Pourquoi l’installation dans le placard suscitait-elle un écho en moi ?
À moins de succomber à nouveau à la confusion mentale qui s’était emparée de moi plus tôt dans la journée et de me persuader que c’en était moi l’auteur, pourquoi cette scène m’était-elle apparue si délicieusement juste ? Bien sûr que je n’en étais pas l’auteur. J’avais déjà honte de l’ineptie d’une telle hypothèse. « Bou ! », en effet… Ça ne valait même pas la peine d’en rire. C’était ridicule.
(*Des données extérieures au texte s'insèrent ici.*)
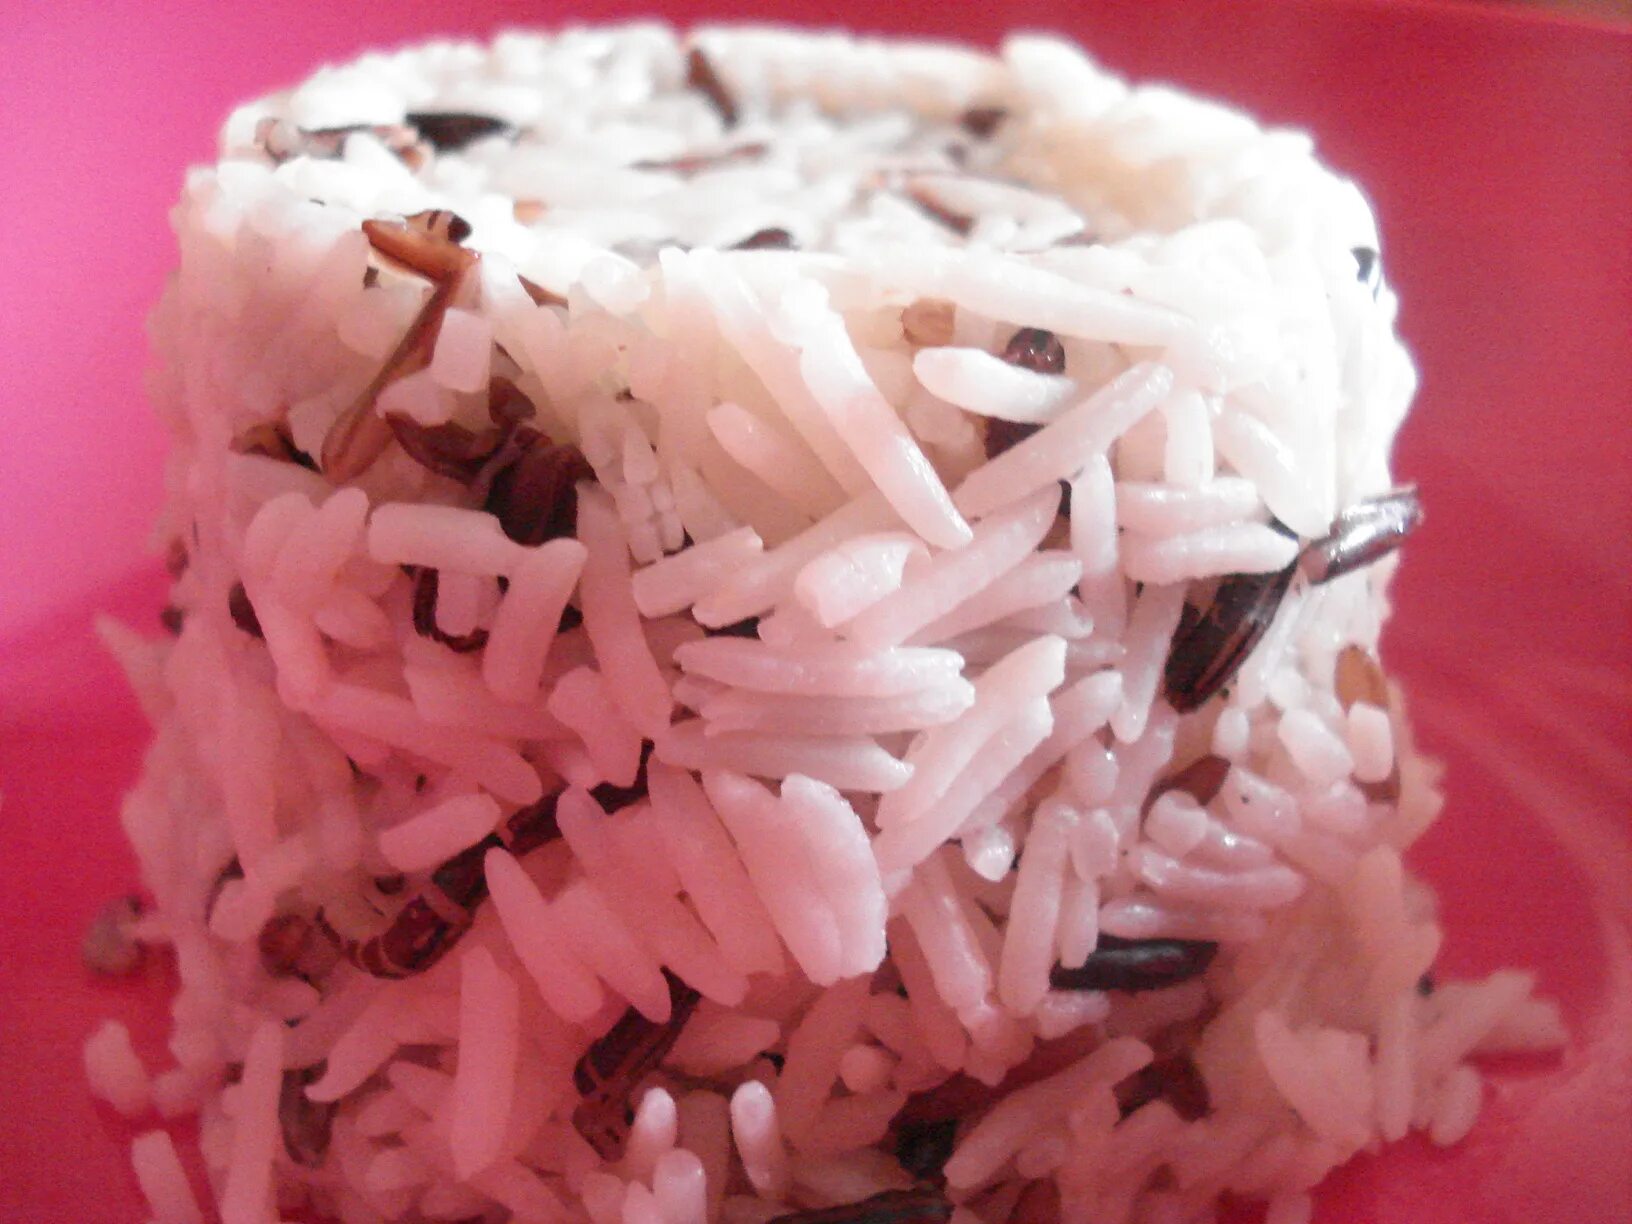 Many rice. Рис басмати похож на червяка.

Alors… pourquoi cet écho en moi ?
Je soupirai. J’éprouvais encore une nouvelle émotion : une grande confusion. Je n’avais aucune idée de ce qui était en train de se passer, si ce n’est que, d’une façon ou d’une autre, j’y étais mêlé. Ce n’était pas en soi une découverte révolutionnaire, étant donné qu’elle rejoignait toutes les conclusions de mes analyses précédentes. Si j’écartais l’hypothèse absurde que j’étais, sans le savoir, l’auteur de ces meurtres – et je l’écartais –, alors toutes les autres explications devenaient encore plus improbables. Dexter aurait donc pu résumer l’affaire ainsi : il sait qu’il est plus ou moins impliqué, mais il ne sait même pas ce que cela veut dire. Je sentais les petites roues de mon cerveau autrefois si fier quitter leurs rails et aller s’écraser au sol. Cling, cling. Bang. Dexter avait déraillé.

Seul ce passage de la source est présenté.